A product duct-taped together from three legacy systems. I rebuilt the experience without forcing a big-bang migration.

Project metadata
Client
EdenredEdenred
Role
Senior UX Designer
Team
2 PM · 8 Eng · 2 Designers
Shipped
Q2 2023
Type
RefactorStrategy
Result
Won the Google contract

Friction

Pain points for the customer
  • Multiple products had no cohesion.
  • Disjointed engineering efforts slowed new feature delivery and created inconsistency.
  • The product line was losing competitiveness and business opportunities.

My Role

What I owned during the process
  • Implemented a new information architecture spanning the commuter product suite.
  • Built a design system to support a unified experience across products.
  • Drove collaboration across many stakeholders and teams.

Outcome

What I shipped
  • Simplified workflows and cut setup and management overhead.
  • Improved demos and contributed directly to winning the Google contract.
  • Created a scalable platform foundation the team could keep building on.
The TL;DR.

Summary

I led the consolidation of multiple fragmented commuter products into a single cohesive platform backed by a new design system. The overhaul simplified workflows, reduced admin overhead, increased interest during demos, and helped the business win the Google contract.

Too many products. Not enough platform.

The Problem

Edenred's commuter benefits offering was a patchwork of standalone applications with inconsistent workflows, mismatched design patterns, and technical constraints that kept compounding.

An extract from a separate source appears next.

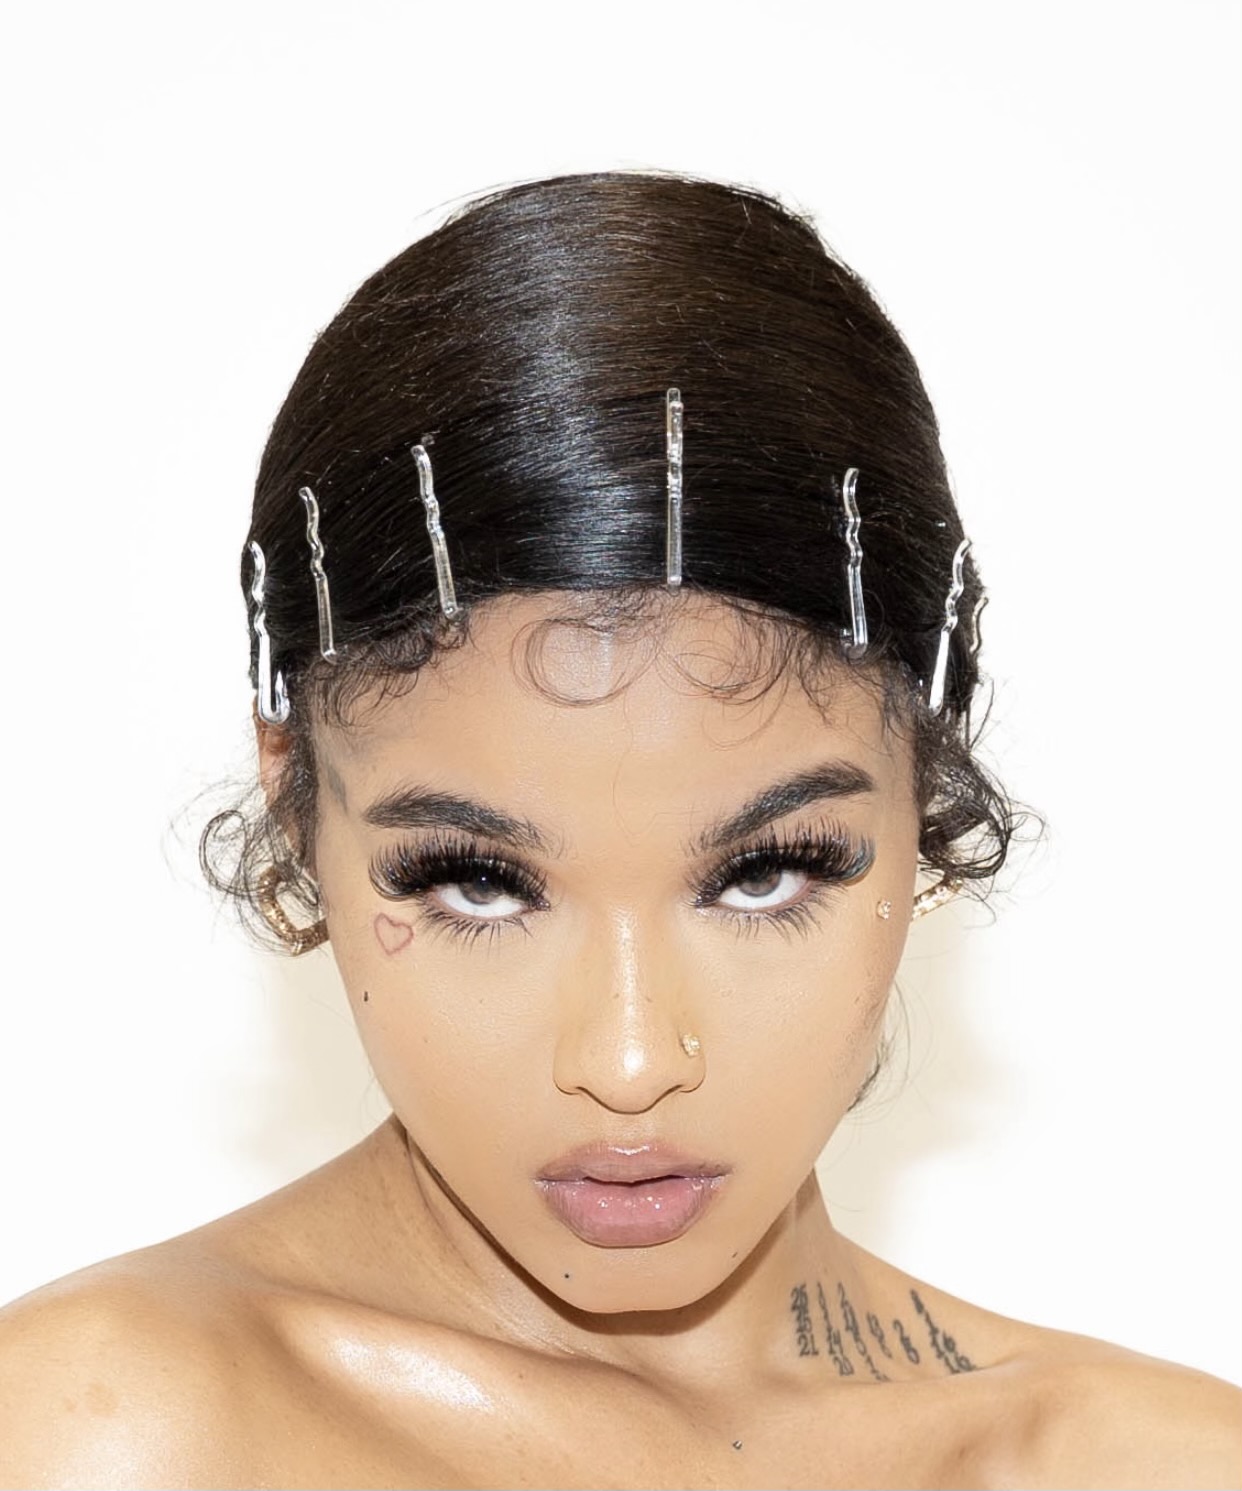 'The Westbrooks' Alum India Love Earns $1 Million on OnlyFans 24 Hours After Joining
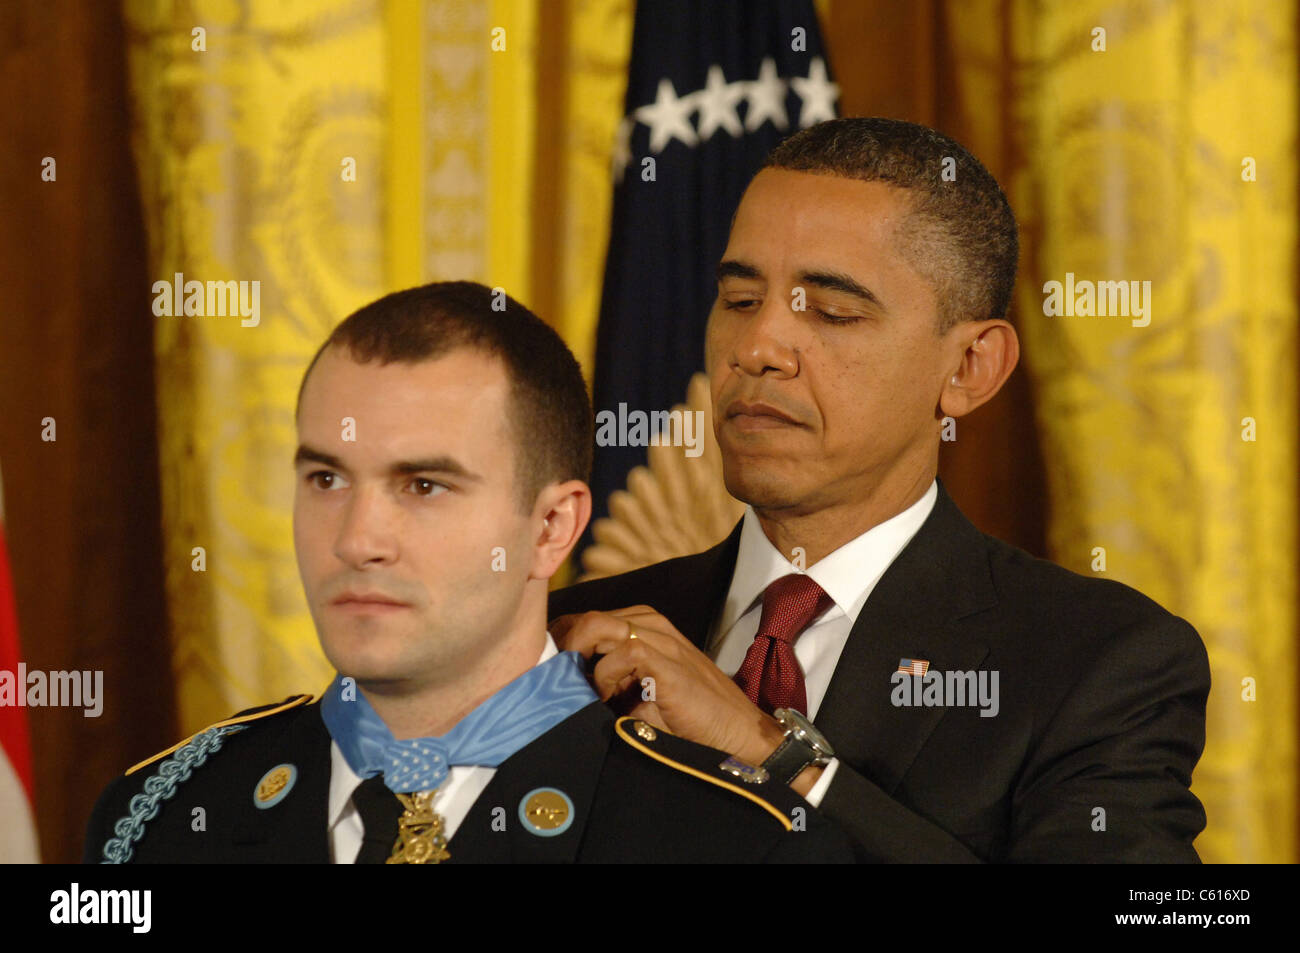 President Obama presents the Medal of Honor to Staff Sergeant Salvatore Giunta for valor and saving the lives of his squad In Afghanistan in 2007. Nov. 16 2010. (BSWH 2011 8 369) Stock Photo

That fragmentation hurt customers, slowed engineering, introduced QA issues, and made it harder to tell a polished enterprise story to prospects.

Key Decision
"Do we keep separate apps, or unify them into one platform?"
Incremental cleanup would have been safer for engineering in the short term, but it would not address the structural issues holding the whole product line back.
The Decision
Consolidate and conquer.
A shared platform shell and design system could solve the systemic problems faster than polishing each app one by one.
Click to unlock →
One platform. Less duct tape.

The Solution

Design the shared shell

The first move was a platform frame capable of housing all commuter applications under one coherent experience instead of a set of disconnected tools.

Rework the workflows

I mapped and rewired the end-to-end flows so individual tasks felt like one product journey rather than a handoff across apps.

Roll out in tiers

The customer-facing portal launched first, then the administrative side followed, which reduced risk and let production usage validate the approach.

Discovery first. Then consolidation.

The Process

Exploration

Exploration

Low-fidelity wireframes mapped the core layout and key interactions before any visual decisions were locked in.

Step 01

Audit everything

I cataloged every commuter product and mapped the end-to-end journeys so the team could see inconsistencies, overlaps, and edge cases in one place.

Step 02

Build the system around the flows

The design system and information architecture were developed in service of the workflows, not the other way around, so the new platform stayed grounded in real tasks.

Step 03

Validate and roll out

Low-fidelity validation with stakeholders and customers surfaced issues early, then the phased rollout helped the team prove the new platform in production.

Shipped

The final experience, tested with customers and validated through iteration.

What worked. What got tricky.

Reflection

Tough spots
  • Getting engineering bought in was one of the hardest parts of the project.

  • The flow edge cases were everywhere and easy to miss without deep auditing.

  • The team occasionally lost sight of the core workflows and had to re-center on what mattered most.

What went right
  • Once engineering bought into the design system, UI production accelerated noticeably.

  • Early prototypes generated a lot of customer interest and stronger demo energy.

  • Customers were eager for the updates, which made the iteration cycle productive.